Task description » Go through the material below and please tally the lines that hold the word "Black"; the number alone is the answer.

Given information »
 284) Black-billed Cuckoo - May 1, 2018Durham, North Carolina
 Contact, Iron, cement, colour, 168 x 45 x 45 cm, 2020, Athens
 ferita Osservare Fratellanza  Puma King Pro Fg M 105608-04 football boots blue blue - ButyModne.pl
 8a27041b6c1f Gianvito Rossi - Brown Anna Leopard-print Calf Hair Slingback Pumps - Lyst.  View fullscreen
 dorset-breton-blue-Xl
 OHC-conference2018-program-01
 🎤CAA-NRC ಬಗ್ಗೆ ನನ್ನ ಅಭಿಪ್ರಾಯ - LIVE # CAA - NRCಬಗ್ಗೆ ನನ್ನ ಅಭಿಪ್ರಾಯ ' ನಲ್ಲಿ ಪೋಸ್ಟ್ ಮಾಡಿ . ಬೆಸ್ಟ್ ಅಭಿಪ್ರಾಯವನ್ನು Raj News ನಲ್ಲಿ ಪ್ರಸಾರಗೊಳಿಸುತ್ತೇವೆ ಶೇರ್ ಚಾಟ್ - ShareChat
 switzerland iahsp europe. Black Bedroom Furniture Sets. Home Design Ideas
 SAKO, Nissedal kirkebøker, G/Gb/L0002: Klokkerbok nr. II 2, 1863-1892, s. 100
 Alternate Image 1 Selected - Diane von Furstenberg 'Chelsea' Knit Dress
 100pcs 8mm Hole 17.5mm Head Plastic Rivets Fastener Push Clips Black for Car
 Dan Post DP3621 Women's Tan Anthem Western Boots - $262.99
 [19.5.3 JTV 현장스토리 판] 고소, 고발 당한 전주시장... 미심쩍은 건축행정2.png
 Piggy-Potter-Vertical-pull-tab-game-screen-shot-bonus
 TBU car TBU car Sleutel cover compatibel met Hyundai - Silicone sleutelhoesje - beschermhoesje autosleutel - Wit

Exercise output » 3